Core Concepts
SGHateCheck is a novel framework designed to comprehensively evaluate hate speech detection models for the linguistic and cultural context of Singapore and Southeast Asia, exposing critical flaws in state-of-the-art models and highlighting the need for more effective tools in diverse linguistic environments.
Abstract
The paper introduces SGHateCheck, a framework for evaluating hate speech (HS) detection models in the linguistic and cultural context of Singapore and Southeast Asia. It extends the functional testing approach of HateCheck and Multilingual HateCheck (MHC) by employing large language models for translation and paraphrasing into Singapore's main languages (English, Mandarin, Tamil, and Malay), and refining these with native annotators.
SGHateCheck comprises over 21,000 test cases across the four languages, with 11,373 annotated cases. It evaluates models on various functionalities, including:
Distinct expressions of hate (derogatory remarks, threats, slurs, profanity)
Contrastive non-hate content (profanity, negation, references to protected groups without malice)
Counter-speech scenarios
Targeting of non-protected entities
The authors benchmark several state-of-the-art open-source language models (mBERT, LLaMA2, Mistral, SEA-LION, SeaLLM) fine-tuned on existing hate speech datasets. The results reveal critical limitations:
Weaker models predominantly misclassify test cases as non-hateful.
Multilingual dataset fine-tuning provides modest performance gains.
Compared to MHC and HateCheck, the models underperform on selected SGHateCheck functionalities, even in languages like English and Mandarin.

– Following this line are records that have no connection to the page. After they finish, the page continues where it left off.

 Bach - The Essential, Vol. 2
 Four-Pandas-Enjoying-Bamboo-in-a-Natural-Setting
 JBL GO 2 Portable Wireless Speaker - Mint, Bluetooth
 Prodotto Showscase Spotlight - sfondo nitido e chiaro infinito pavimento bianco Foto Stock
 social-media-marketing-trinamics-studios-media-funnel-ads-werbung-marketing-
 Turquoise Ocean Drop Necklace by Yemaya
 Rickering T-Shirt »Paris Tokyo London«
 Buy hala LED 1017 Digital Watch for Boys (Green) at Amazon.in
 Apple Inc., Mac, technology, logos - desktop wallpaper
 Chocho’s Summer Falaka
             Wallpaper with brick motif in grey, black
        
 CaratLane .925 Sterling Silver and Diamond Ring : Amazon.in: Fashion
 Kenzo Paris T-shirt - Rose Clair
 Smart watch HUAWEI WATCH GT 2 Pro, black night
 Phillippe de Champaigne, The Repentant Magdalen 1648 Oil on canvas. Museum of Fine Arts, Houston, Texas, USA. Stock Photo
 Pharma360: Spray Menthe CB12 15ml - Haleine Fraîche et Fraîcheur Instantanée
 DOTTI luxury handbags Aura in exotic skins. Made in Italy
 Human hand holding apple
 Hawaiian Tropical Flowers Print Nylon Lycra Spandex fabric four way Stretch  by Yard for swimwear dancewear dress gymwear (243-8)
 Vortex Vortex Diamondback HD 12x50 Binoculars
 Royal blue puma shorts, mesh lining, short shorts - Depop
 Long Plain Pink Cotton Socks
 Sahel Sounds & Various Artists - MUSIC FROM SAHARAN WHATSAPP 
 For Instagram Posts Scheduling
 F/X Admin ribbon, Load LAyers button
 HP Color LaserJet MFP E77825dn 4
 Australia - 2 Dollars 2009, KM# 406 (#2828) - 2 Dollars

These shortcomings could have severe implications for content moderation, risking harm by inadequately protecting users against hate speech or unnecessarily limiting free expression. By exposing these flaws, SGHateCheck aims to drive the development of more robust hate speech detection models, particularly for the Singapore and Southeast Asian context.
Stats
"To address the limitations of current hate speech detection models, we introduce SGHateCheck, a novel framework designed for the linguistic and cultural context of Singapore and Southeast Asia."
"SGHateCheck comprises 28 functional tests for Singlish, 26 for Mandarin, and 21 each for Malay and Tamil."
"In total, across four languages, SGHateCheck comprises 21,152 test cases, with 15,052 classified as hateful and 6,100 as non-hateful."
Quotes
"SGHateCheck reveals critical flaws in state-of-the-art models, highlighting their inadequacy in sensitive content moderation."
"Such shortcomings could have severe implications if these LLMs were deployed for content moderation, risking harm by inadequately protecting users against HS or unnecessarily limiting free expression."